6. Implications, Limitations, and Extensions

Dual-clock denoising fundamentally realizes spatially or temporally varying conditioning strength, using a mask to distribute guidance in video pixels or audio segments. For video, this enables precise object motion while yielding dynamic, artifact-free backgrounds, circumventing the need for fine-tuning or iterative region refinement. In audio, chunk-based local/global clocks yield improved modeling of both fine-scale and long-term dependencies, lowering complexity to $O(L)$ and enabling real-time deployment by streaming frames.

A plausible implication is that dual-clock scheduling may generalize to other generative domains where precise regional control and global dynamics must be harmonized—potentially visual editing, structured prediction, or multimodal reconstruction. It should be noted, however, that success depends on well-chosen mask regions and noise schedules; suboptimal parameterization can degrade either fidelity or realism.

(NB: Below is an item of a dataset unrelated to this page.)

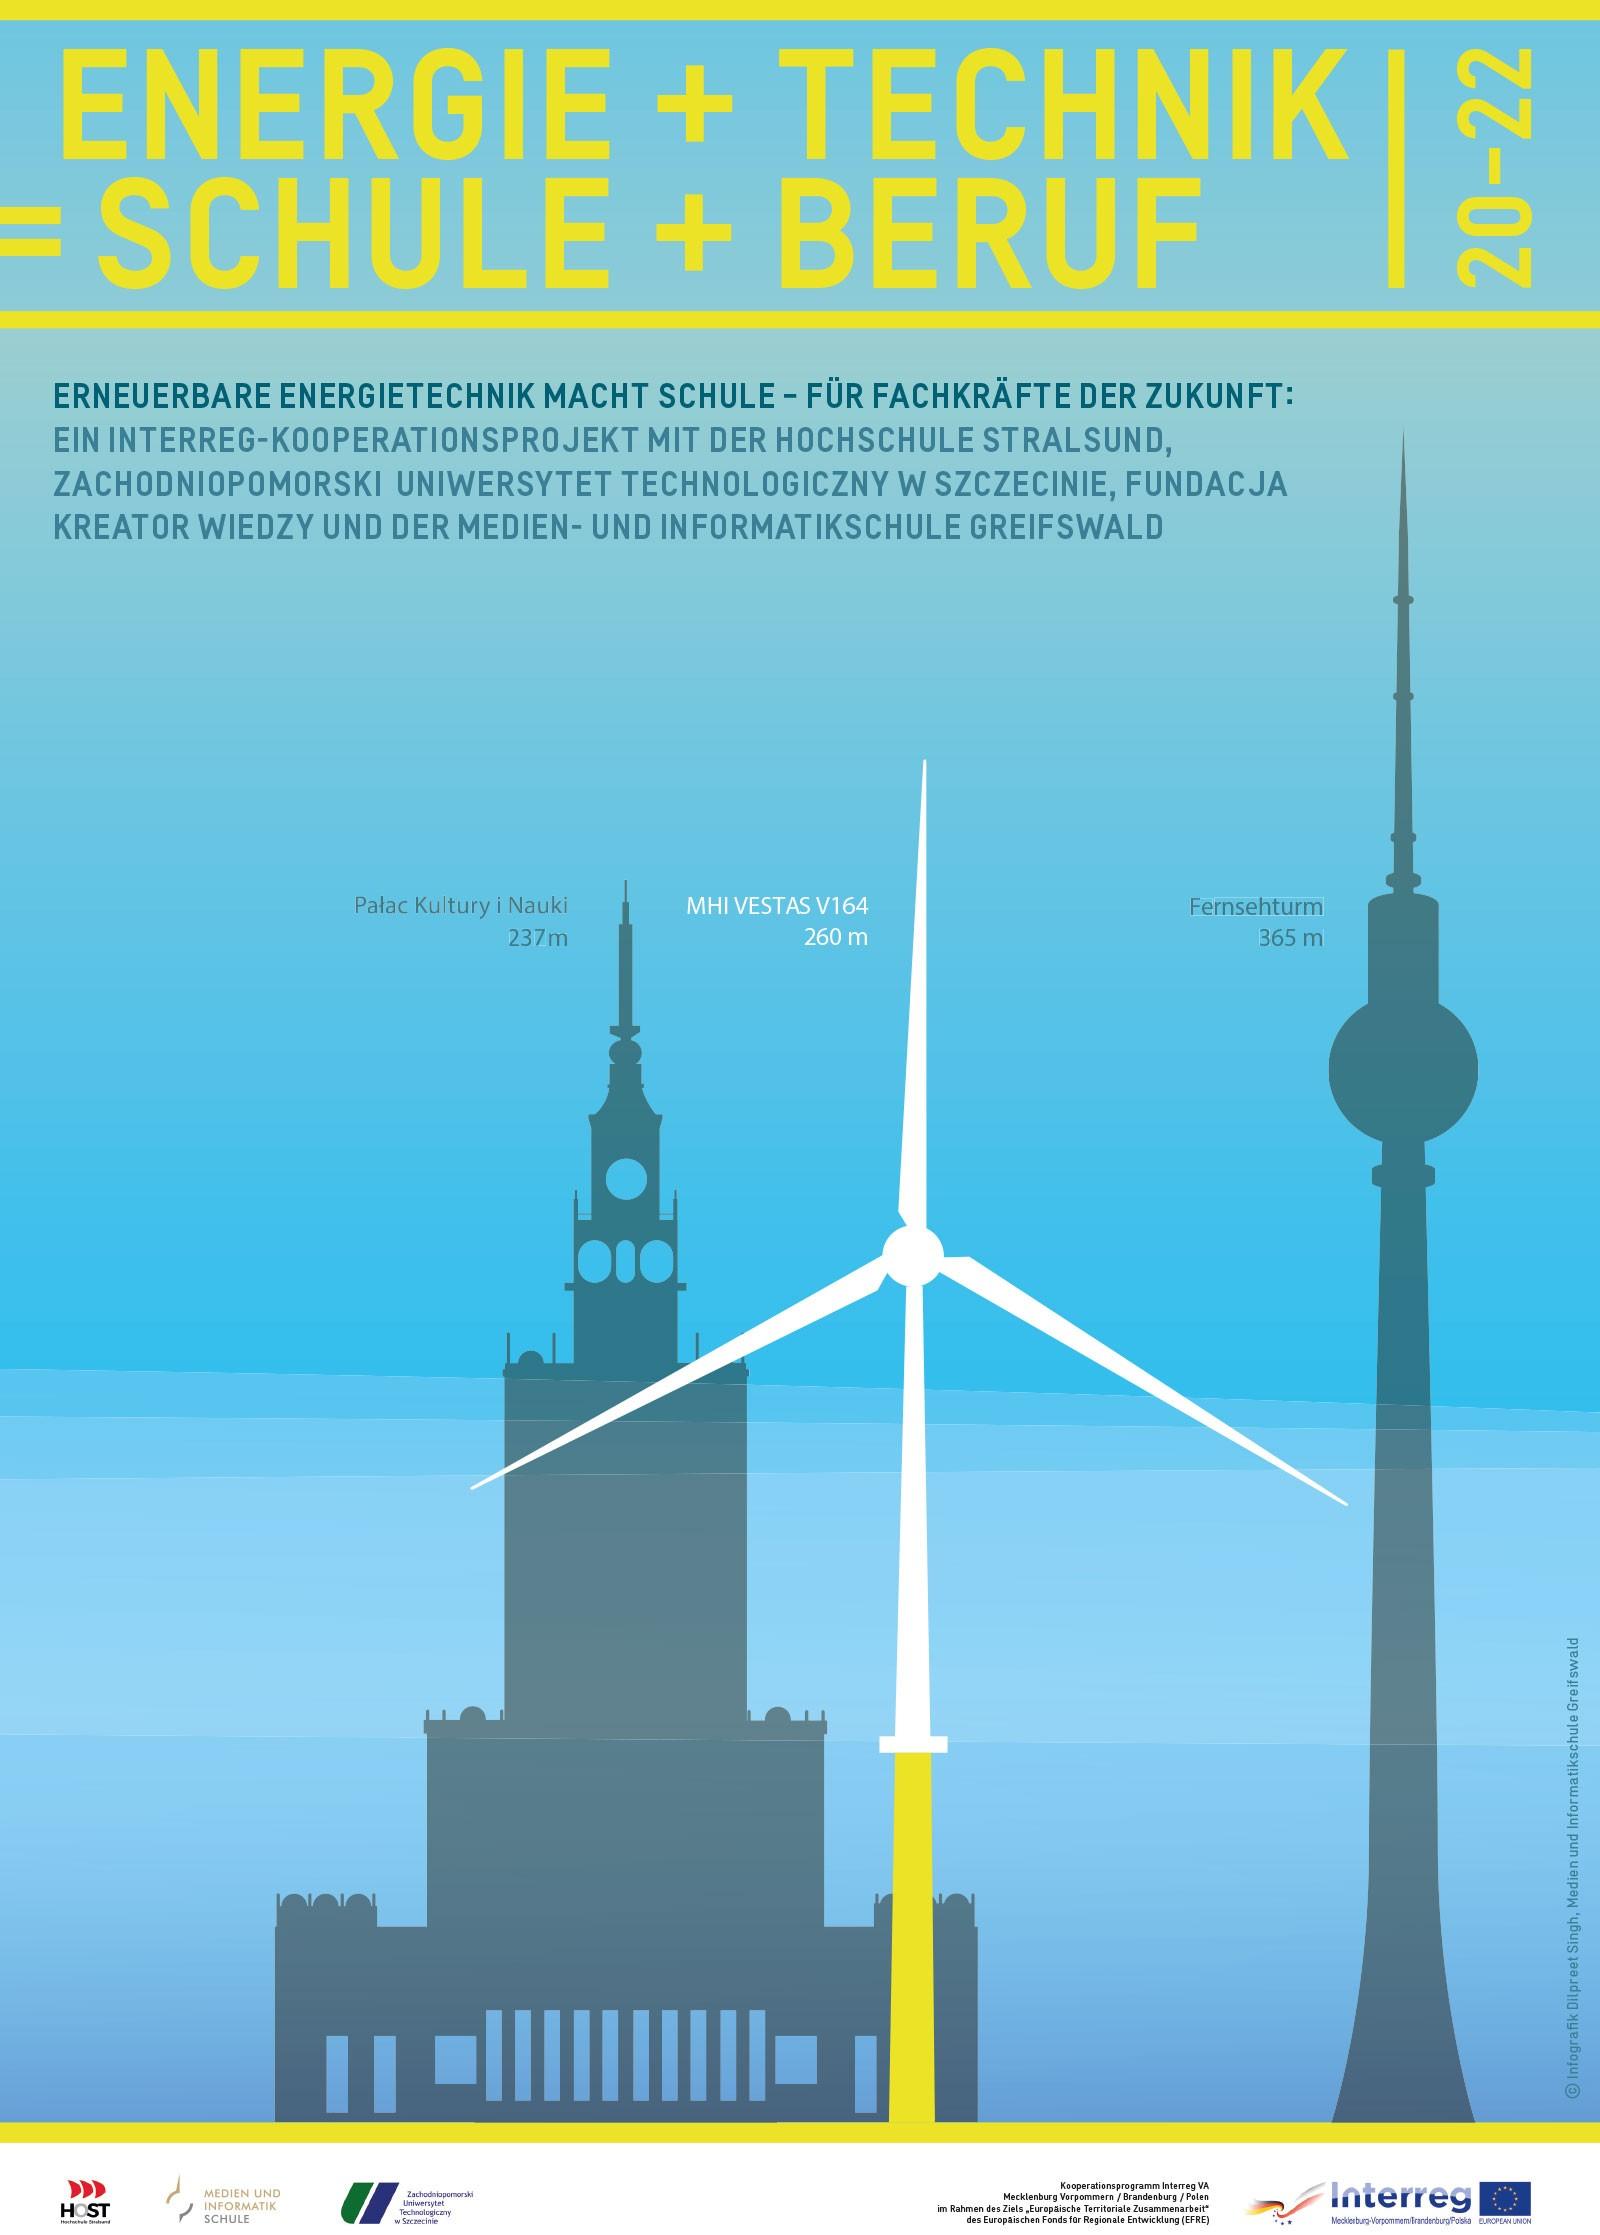 Plakat Energie + Technik = Schule + Beruf. Es zeigt ein Windrad, das höher ist als der Kulturpalast in Warschau und nur etwas niedriger als der Fernsehturm in Berlin.

7. Context and Relation to Broader Literature

Time-to-Move (TTM) establishes dual-clock denoising as a training-free, plug-and-play mechanism for motion and appearance control in video diffusion models (Singer et al., 9 Nov 2025), superseding the need for model-specific fine-tuning and outperforming previous training-based methods in key motion benchmarks. DPATD leverages a related dual-clock chunking paradigm for efficient audio denoising, demonstrating that chunkwise fast clocks and global slow clocks facilitate scalable transformer inference and superior denoising quality (Li et al., 2023).

These results consolidate dual-clock denoising as a principled methodology for region-dependent signal restoration, with empirical validation substantiating efficiency and improved controllability across disparate generative modalities.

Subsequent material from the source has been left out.